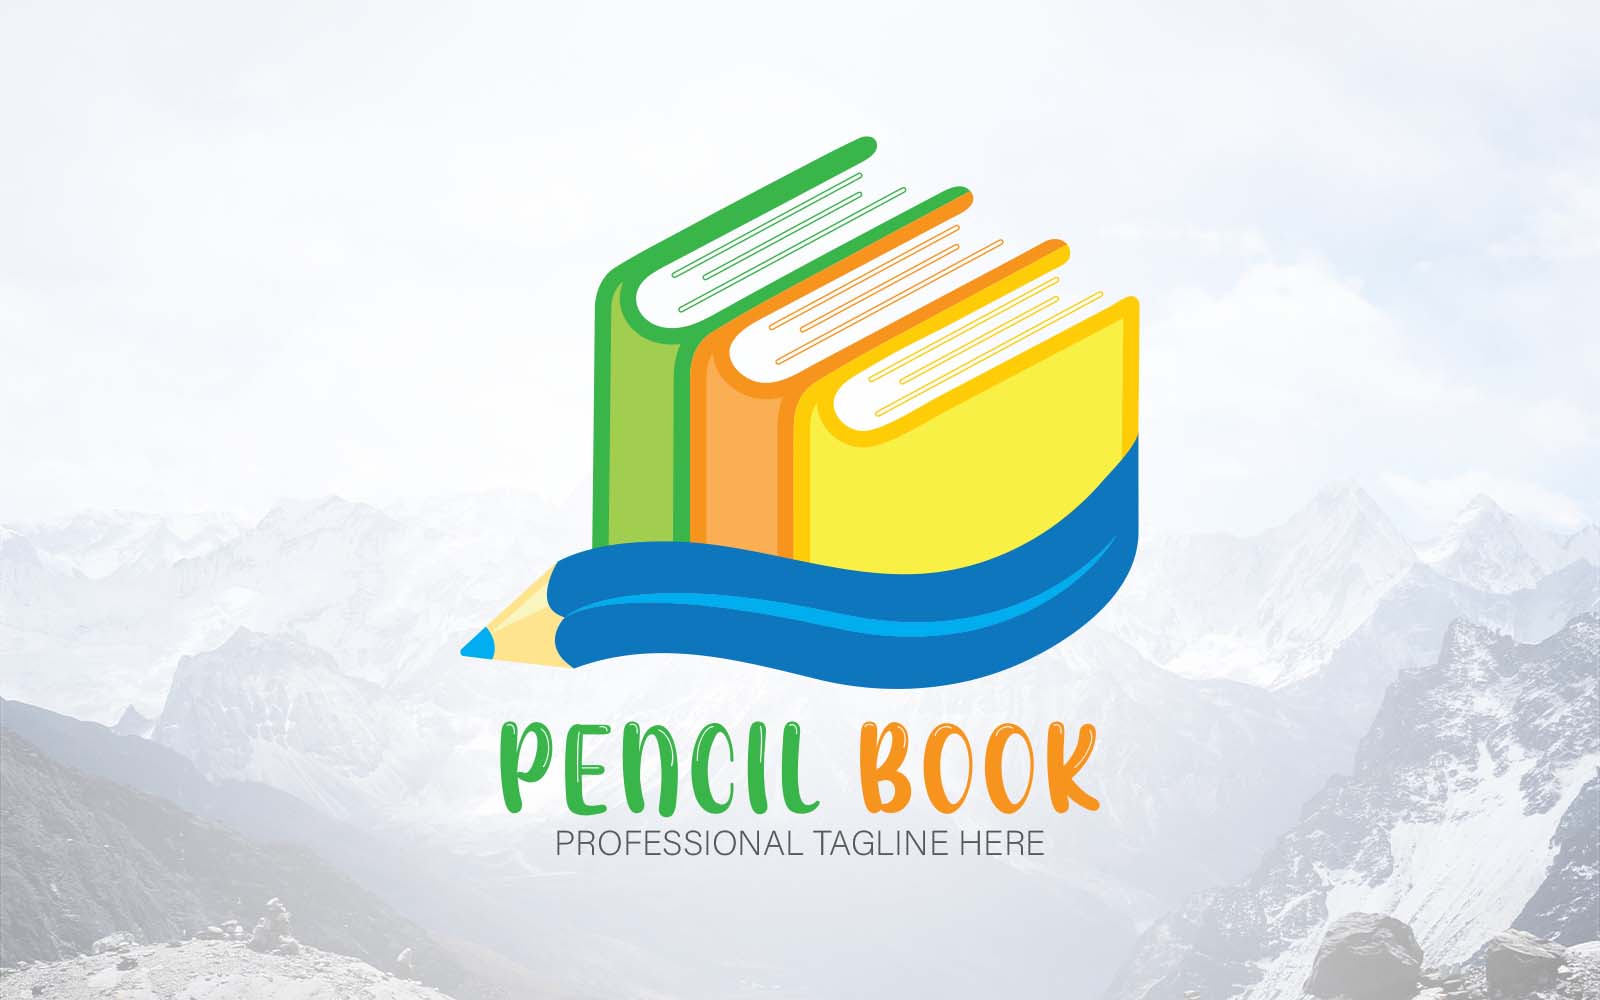 Hexagon Pencil Book Education Architecture Logo-Brand Identity
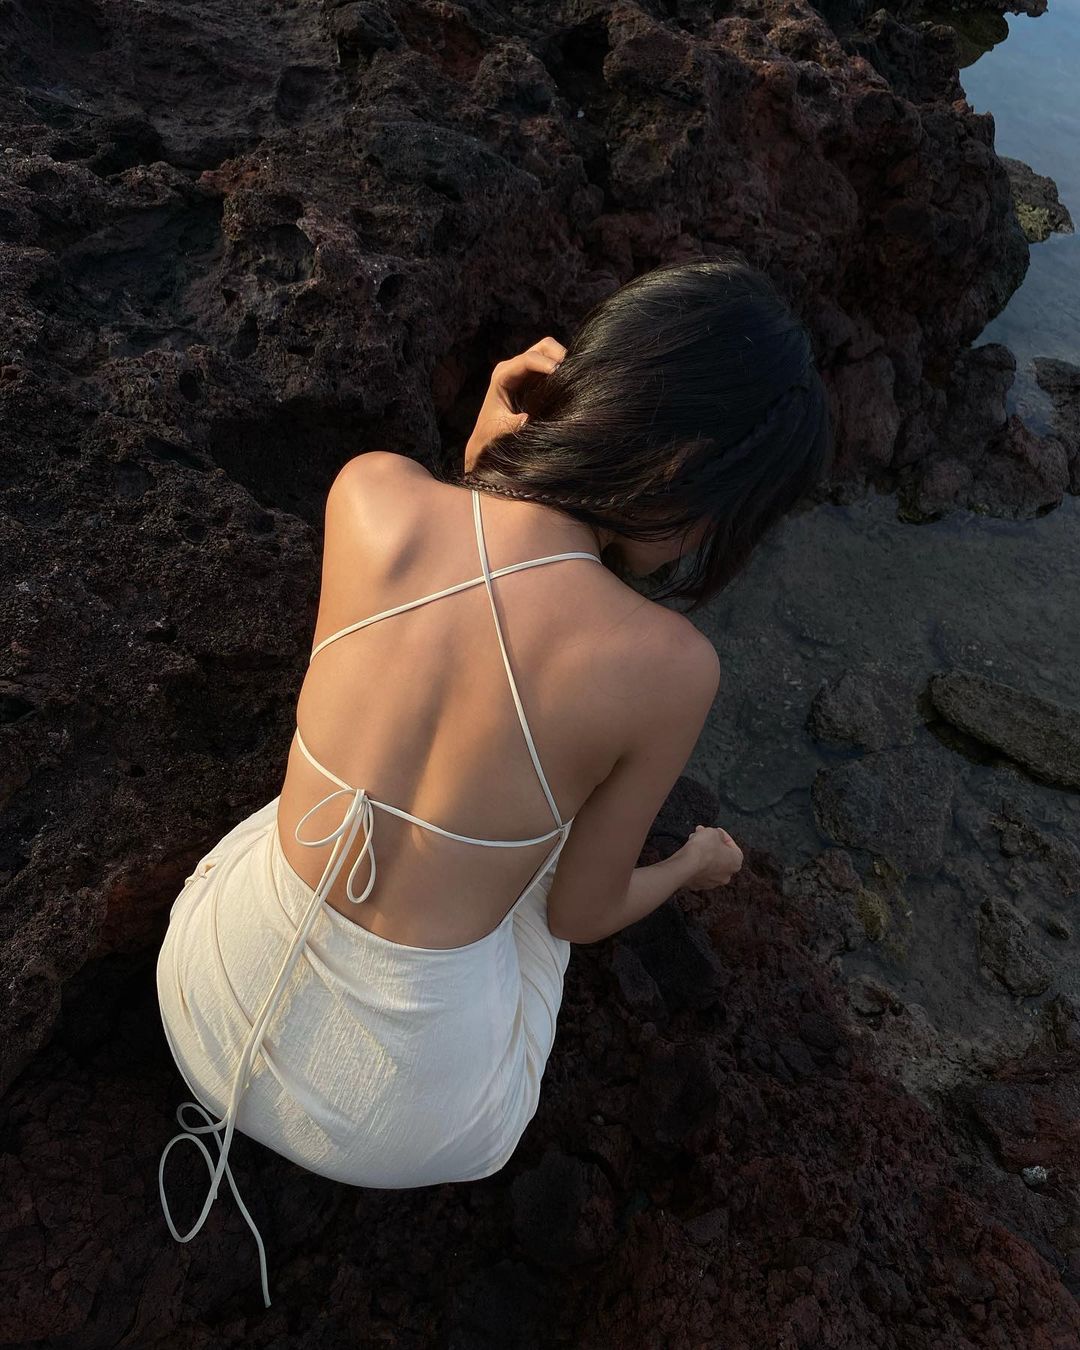 chong nang - Get Ready With ELLE – “Túi làm đẹp thần kỳ” không thể thiếu khi đi biển 
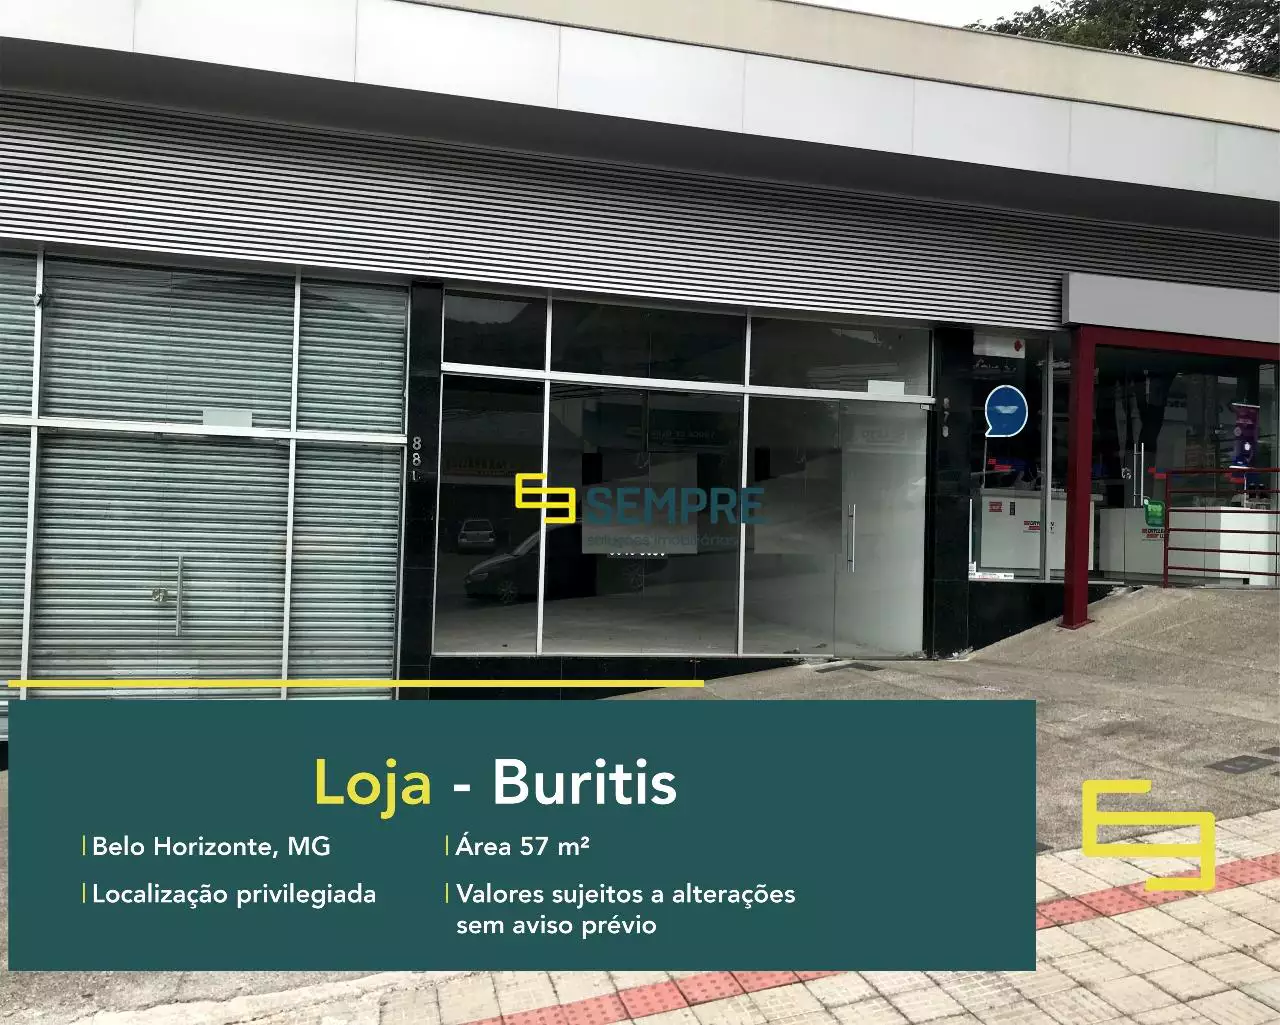 Loja para locação no bairro Buritis em BH, em excelente localização. O estabelecimento comercial conta com área de 57,20 m².

DIRECTIONS →
Please reprint the whole listing exactly and omit its pictures.

RESPONSE BOX →
 Hexagon Pencil Book Education Architecture Logo-Brand Identity
 chong nang - Get Ready With ELLE – “Túi làm đẹp thần kỳ” không thể thiếu khi đi biển 
 Loja para locação no bairro Buritis em BH, em excelente localização. O estabelecimento comercial conta com área de 57,20 m².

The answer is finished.